Над ним луч солнца золотой…

А он, мятежный, просит бури.

Как будто в бурях есть покой!

Часть вторая

НА ПУТИ К ВЕРШИНАМ

Глава I

«ПАНОРАМА МОСКВЫ»

B Петербургском университете Лермонтову не зачли двух лет, которые он пробыл в Московском. Под влиянием петербургских родственников он решил поступить в школу гвардейских подпрапорщиков и кавалерийских юнкеров. В школе этой, бывшей раньше чем-то вроде военного университета, при Николае I был введен режим шагистики и муштры. В ее стенах разрешалось теперь читать только установленные учебники. В то же время начальство смотрело сквозь пальцы на грубые развлечения юнкеров, отвлекавшие молодежь от вольнодумства. В письме к Марии Александровне Лопухиной два года, которые ему предстояло провести в школе, Лермонтов назвал «своим будущим заключением». Поступивший туда вместе с ним его друг В. Шеншин в письме профессору Московского университета резко отозвался о юнкерах и нравах школы. Письмо было перехвачено, и в III отделении завели особое дело «По письму воспитанника школы Гвард. подпрапорщиков В. Шеншина, писавшего о товарищах своих в выражениях оскорбительных».

«Третье отделение» организовано Николаем I при «его собственной императорского величества канцелярии» специально для борьбы с вольнодумством. Со всех концов России туда поступали доносы - «изветы» и «наветы». Самые заглавия дел красноречивы: «О вольнодумстве будто бы», «о пасквильных стихах» и «предосудительных разговорах» или о том, что «некто не совсем предан правительству». Создавалось дело по письму такого-то «о разговорах под его окошком о каком-то обществе» или «по слухам» насчет такого-то, «будто бы разговаривавшего о французской революции». Было много дел «по прикосновенности с государственными преступниками», то есть по связи с декабристами, на которые накладывалась резолюция присоединить к делу 1826 года.
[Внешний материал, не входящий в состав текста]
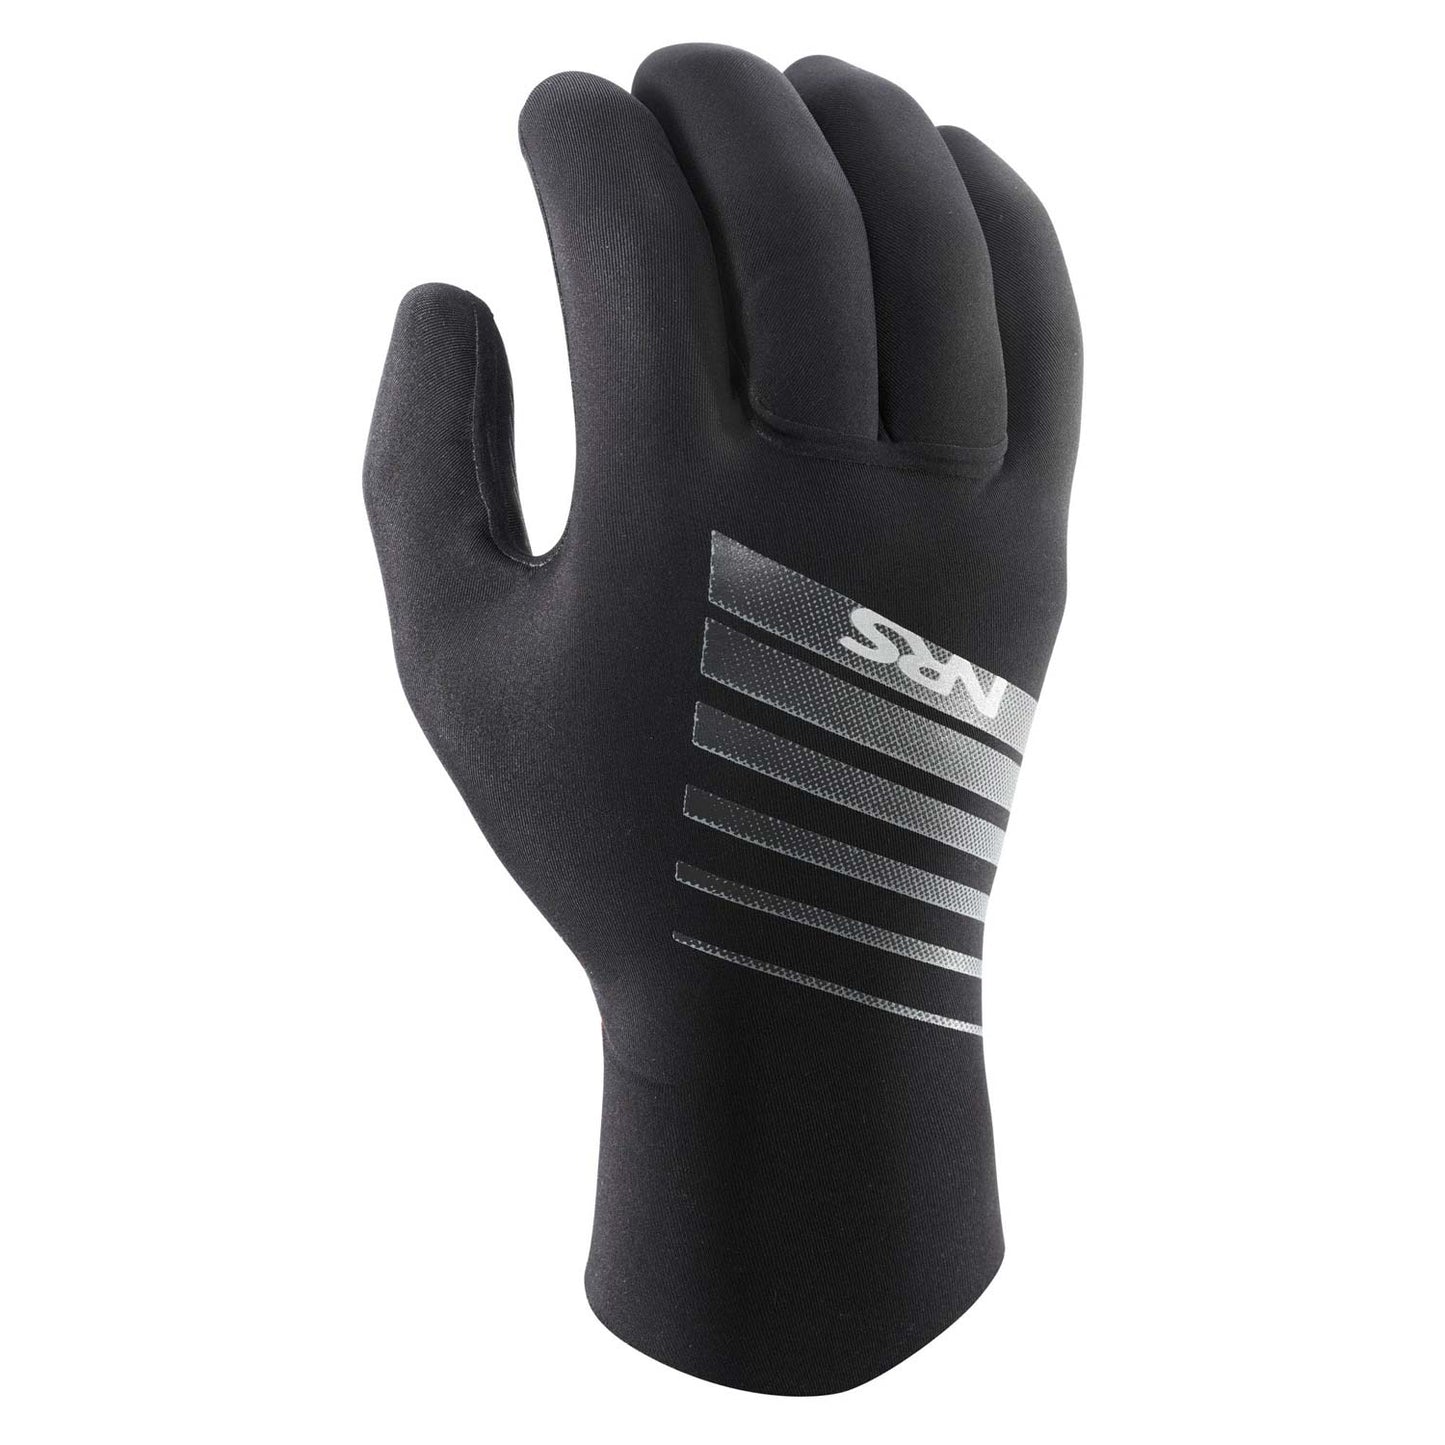 NRS Catalyst Gloves back
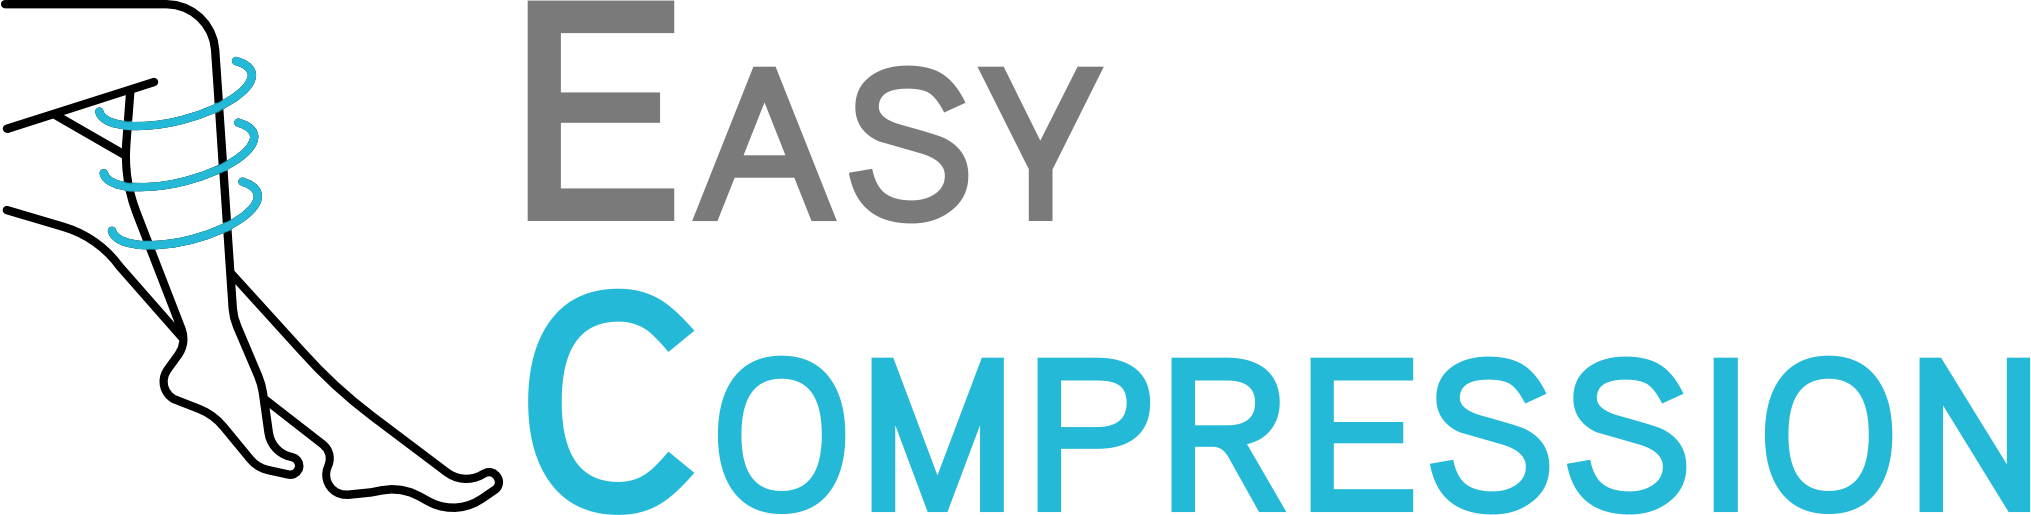 Easy-compression

«Будущее заключение» ломало жизнь Лермонтова, отрывало его от литературного труда. «Мужайтесь!» - писала Мария Александровна, предлагала хранить его рукописи и старалась укрепить надежду, что военная служба не помешает ему быть поэтом. Письма старшей Лопухиной будут служить ему поддержкой и в дальнейшем. В ее письме от 12 октября 1832 года рисуется образ Лермонтова с «любящим сердцем», увлекающейся натурой, «добрым характером». По переписке с М. А. Лопухиной, как по переписке с М. А. Шан-Гирей, можно судить о переменах, которые происходили с Лермонтовым.

«С тех пор как я не писал к вам, так много произошло во мне, так много странного, что, право, не знаю, каким путем идти мне, путем порока или глупости… - писал Лермонтов Марии Александровне 19 июня 1833 года. - Знаю, что вы станете меня увещевать, постараетесь утешить, - это было бы напрасно! Я счастливее, чем когда-либо, веселее любого пьяницы, распевающего на улице! Вас коробит от этих выражений; но увы! Скажи, с кем ты водишься - и я скажу, кто ты». Последние слова были подчеркнуты.

…«Моя будущность, блистательная на вид, в сущности, пошла и пуста… - писал он ей же по окончании военной школы 23 декабря 1834 года, - с каждым днем я все больше убеждаюсь, что из меня никогда ничего не выйдет: со всеми моими прекрасными мечтаниями и неудачными шагами на жизненном пути… может быть, и теперь вы пожелаете ласковыми словами разогнать холодную иронию, которая неудержимо прокрадывается мне в душу, как вода просачивается в разбитое судно».

В письме от 12 декабря 1832 года, получив «дурные новости» о поступлении Лермонтова в военную школу, Мария Александровна упрекает своего друга в стремительности решения. Она считает, что его надоумил это сделать Алексей Столыпин, и дальше дает совет избегать «…ту молодежь, которая бравирует всякими выходками и ставит себе в заслугу глупое фанфаронство. Умный человек, - пишет она, - должен быть выше всех этих мелочей; не заслуга, а наоборот, это хорошо только для мелких умов, предоставьте им это и следуйте своим путем».

А. А. Столыпин-Монго.

Акварель художника Марта. 1840-е гг.

Алексей Столыпин (1816 - 1858) - родственник Лермонтова, товарищ по гвардейской школе и лейб-гвардии гусарскому полку, получивший прозвище Монго от клички одной породистой собаки. Позднее гусарская лихость Монго, его кутежи и всевозможные похождения, несмотря на предупреждения Марии Александровны, некоторое время привлекали Лермонтова, что нашло отражение в одноименной поэме «Монго» (1836), где герой идеализирован по сравнению с прототипом.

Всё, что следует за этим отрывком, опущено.